IN THE footsteps of St Paul to Thessaloniki, a town that cannot easily be described as picturesque. After the Great Fire of 1917, the destruction of several wars, and the even more damaging opportunism of town “planners” in the 1960s and 1970s, the visitor is confronted by relentless traffic, dispiriting chain stores, and street upon street of cheap mid-rise apartments. Little has changed to counter Osbert Lancaster’s opinion that the town’s famous White Tower “bears a striking resemblance to a crenellated gasometer”, and that Thessaloniki is, in the end, “very like Southsea”.

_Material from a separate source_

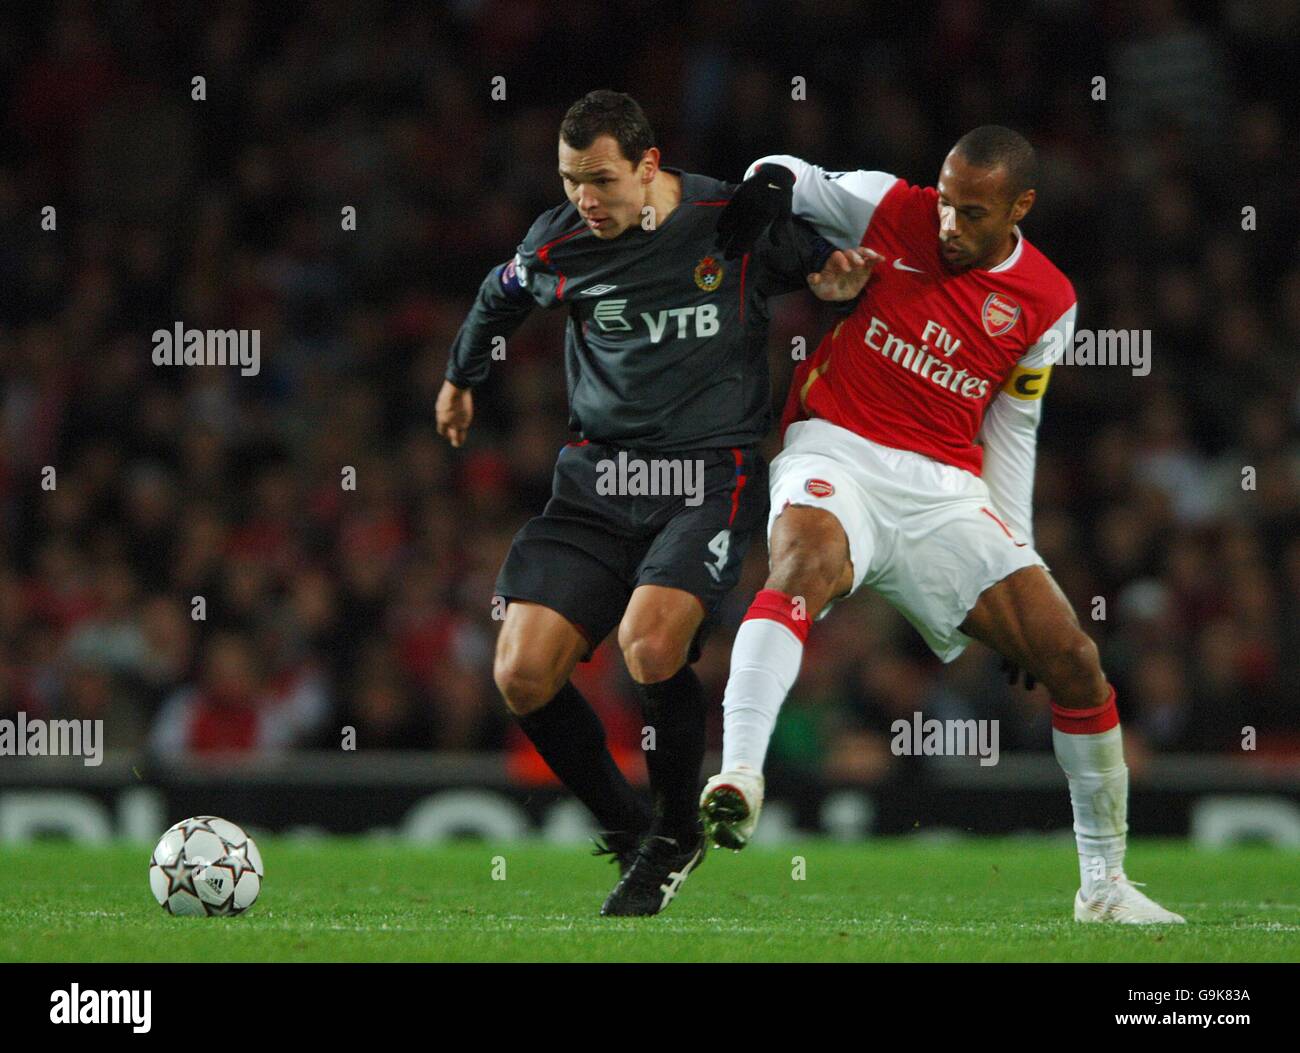 Soccer - UEFA Champions League - Group G - Arsenal v CSKA Moscow - Emirates Stadium. Arsenal's Thierry Henry is fouled by CSKA Moscow's Sergei Ignashevich as they battle for the ball Stock Photo

We arrived on a misty, breezy day in the Old Town, near the Vlatadon Monastery,
which claims to be the site of the House of Jason, where Paul stayed (Acts 17). We lunched in Ouzeri Tsinari, a pretty blue and white taverna populated with Greek characters straight out of central casting: a bearded monk by the entrance, drinking camomile tea with honey; a sad-eyed sot in the corner, nursing a tsipouro; a party of elegant ladies, smoking and laughing about the inadequacies of men; and a beautifully manicured transexual, writing poetry in a floral notebook while toying with a bowl of calamari.

Vlatadon was founded in the 14th century, but only its catholicon, its main church, survives, its frescoes quite badly damaged: a Pantocrator, scenes from the Dodekaorton — the 12 Great Feasts — figures of ascetics, monks, and military saints. There’s a fine view of the city, a courtyard patrolled by peacocks, and a stone that is claimed to mark the spot where Paul preached; but — having had some experience of Orthodox churches in Russia, Romania, and Georgia — I found the church to be less atmospheric than the taverna. Sometimes, I suppose, one is just not in the right frame of mind.

Then again, the Jewish Museum in Thessaloniki claims that Paul did not preach here but nearer the port, and at the oldest synagogue in town, the Ets Ahayim (Tree of Life), its site now lost somewhere between Crystal Crepe, The Bliss Beauty Project, and Soul Shakers Bar Services. Oh, the irony.

In one ear

WE SET off once more in search of the spiritual and found it at last in art: in the frescoes in the narthex of St Sophia, in the mosaics in the catacombs of St John the Baptist, and in the dark serenity of the crypt at San Dimitrios. Emerging into the light and looking out to sea, we watched two boys fishing and a sailing boat coming into harbour. I tried to imagine Paul’s first arrival, and I read Cavafy: “Let me stop here. Let me, too, look at nature awhile / The brilliant blue of the morning sea, of the cloudless sky, / the yellow shore; all lovely, / all bathed in light.”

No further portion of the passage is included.